[EXERCISE BRIEF] Copy every line from the one containing "Delvaux Camille PM Chèvre" through the last line of the records below, both included, and nothing else.

[[ AVAILABLE RECORDS open ]]

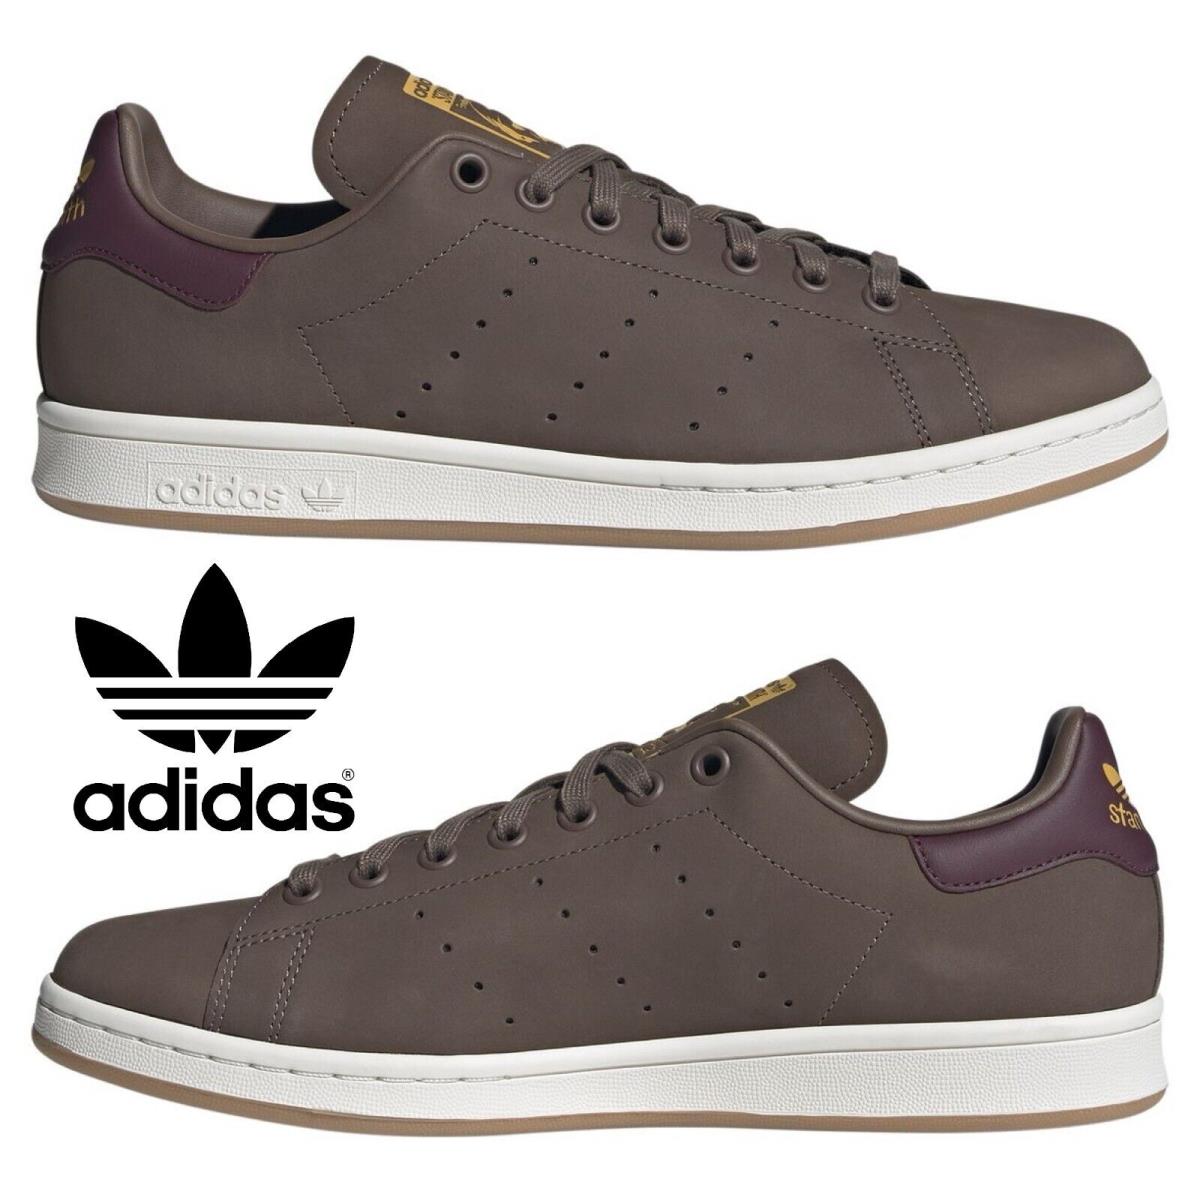 Adidas Originals Stan Smith Men`s Sneakers Comfort Sport Casual Shoes Brown - Brown, Manufacturer: Earth Strata/Maroon/Preloved Yellow
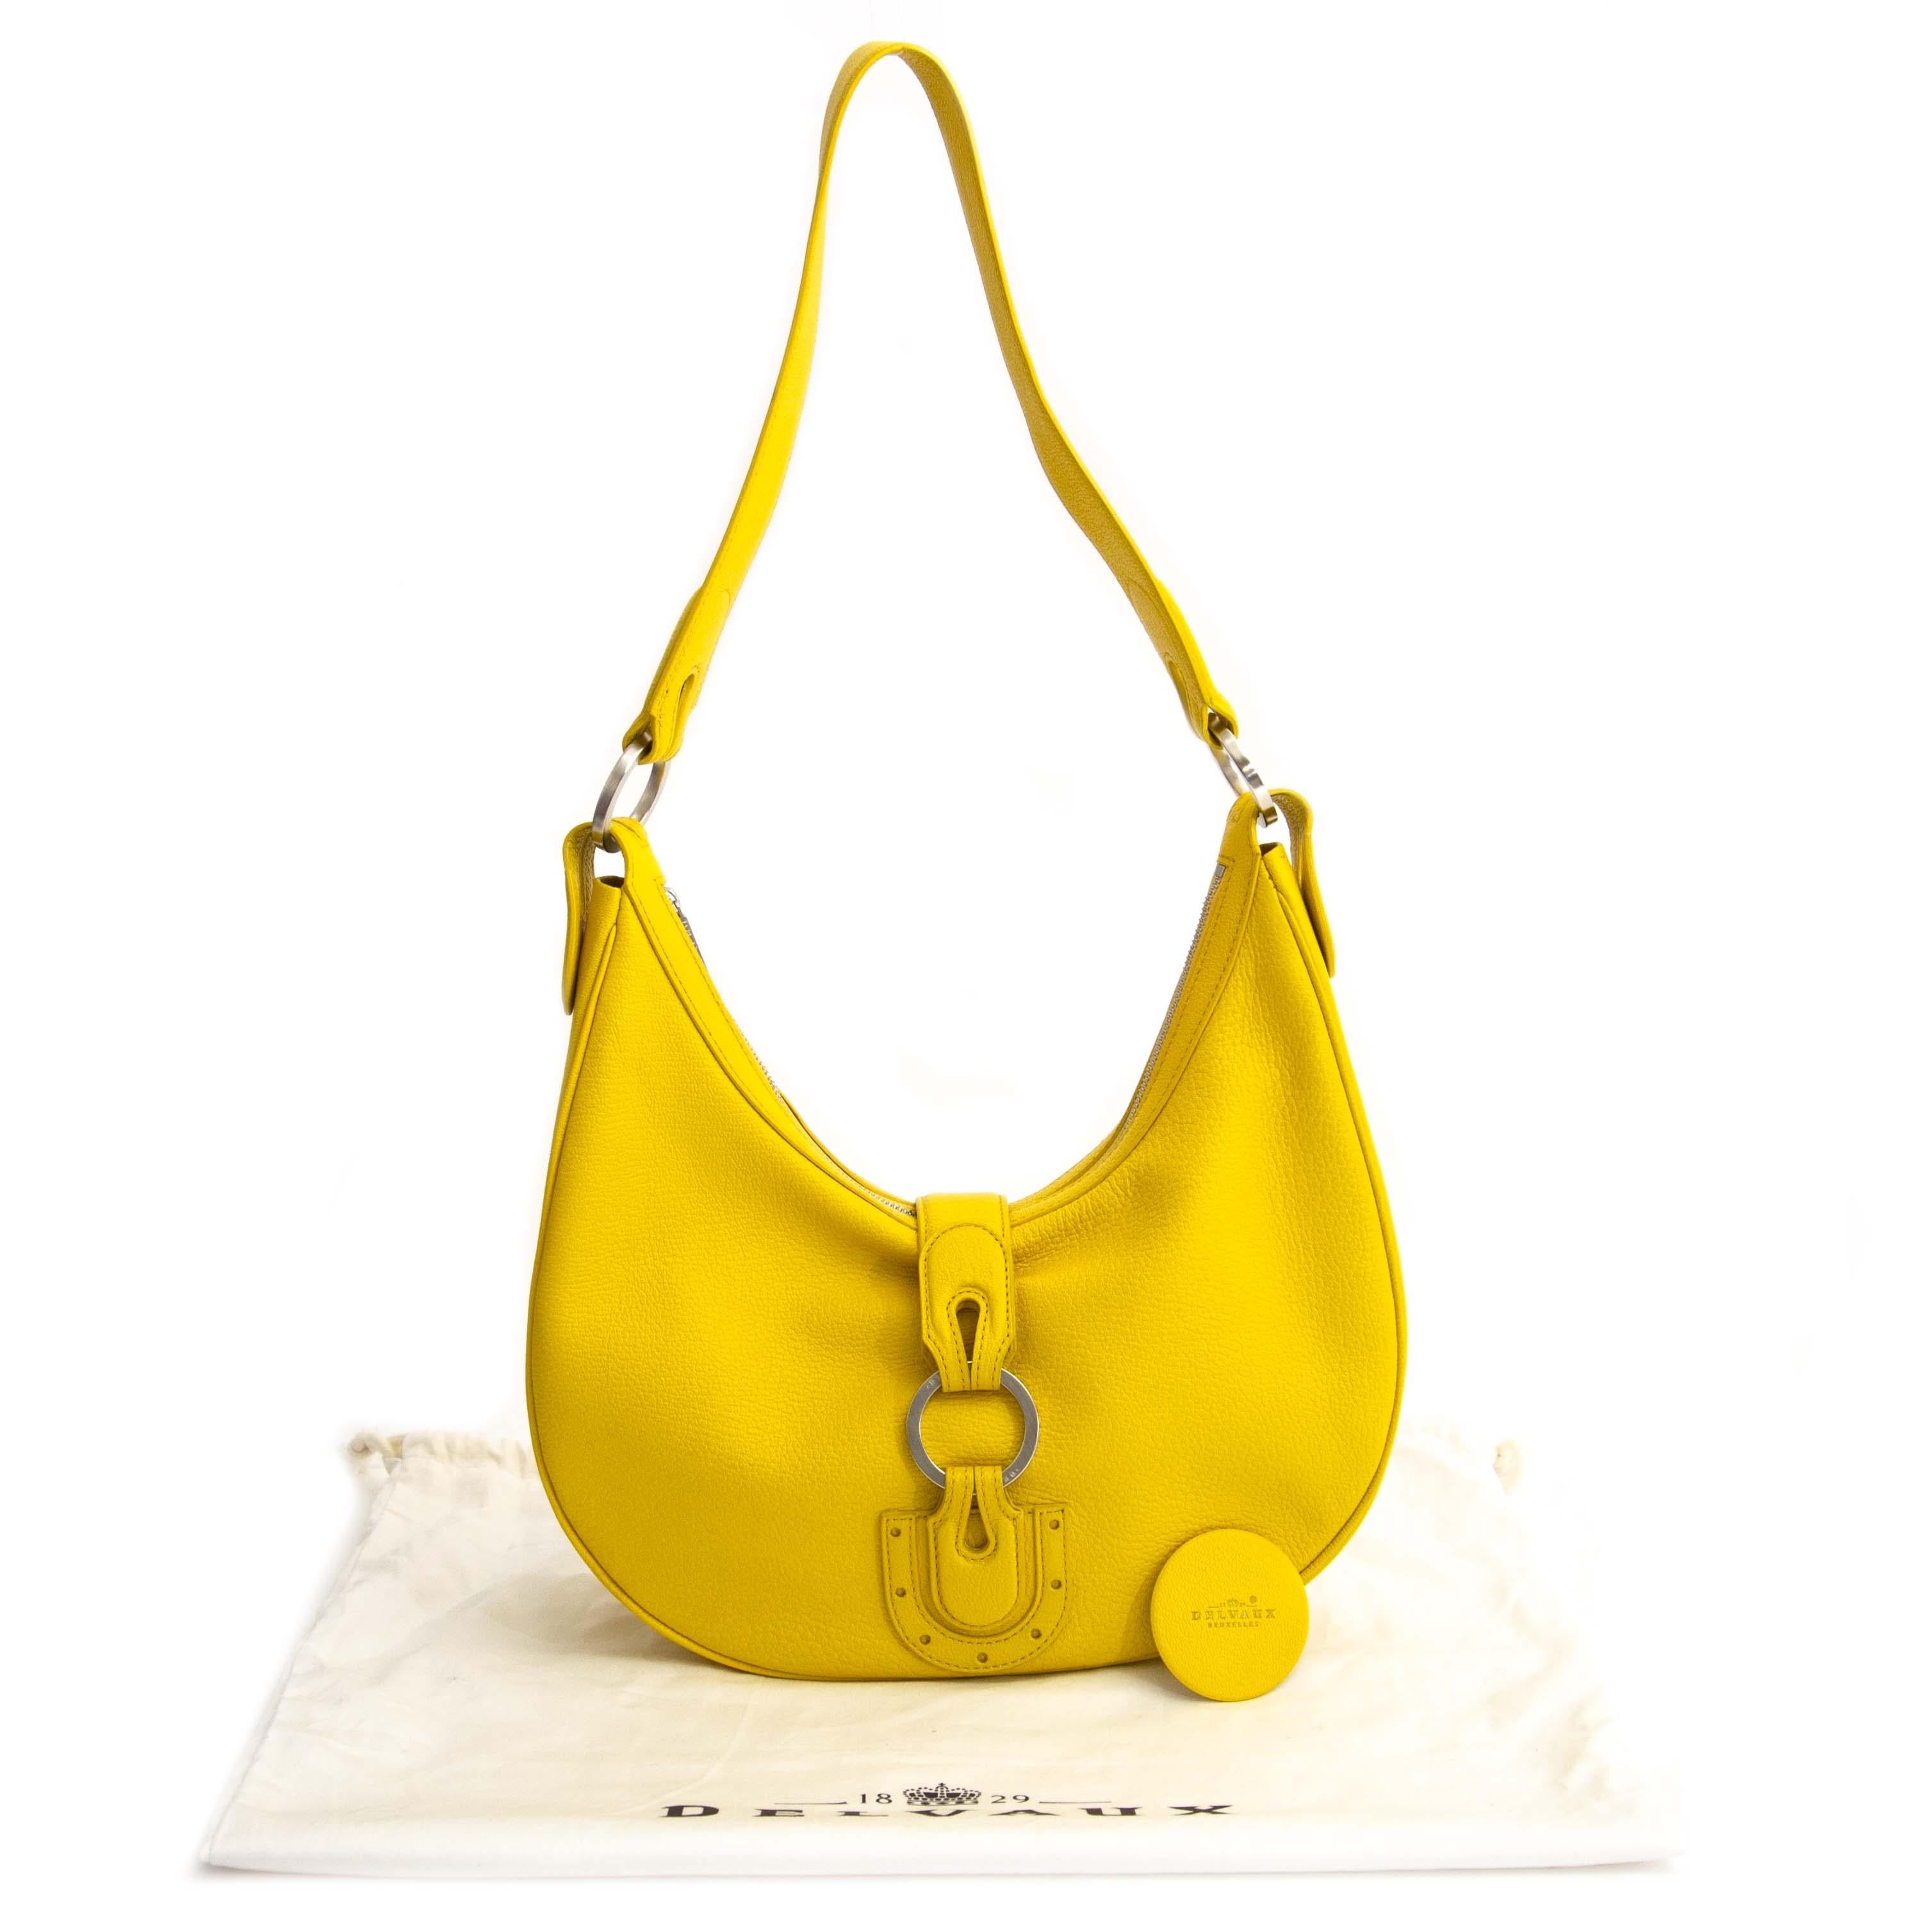 Very good  condition

Delvaux Camille PM Chèvre Glacée Souple Yellow

This Delvaux Camille PM bag is a ray of sunlight in your wardrobe! The bag is crafted from supple yellow goat leather.

The interior has an extra compartment with zipper. 

Comes

[[ AVAILABLE RECORDS closed ]]

[FINISHED EXERCISE]
Delvaux Camille PM Chèvre Glacée Souple Yellow

This Delvaux Camille PM bag is a ray of sunlight in your wardrobe! The bag is crafted from supple yellow goat leather.

The interior has an extra compartment with zipper. 

Comes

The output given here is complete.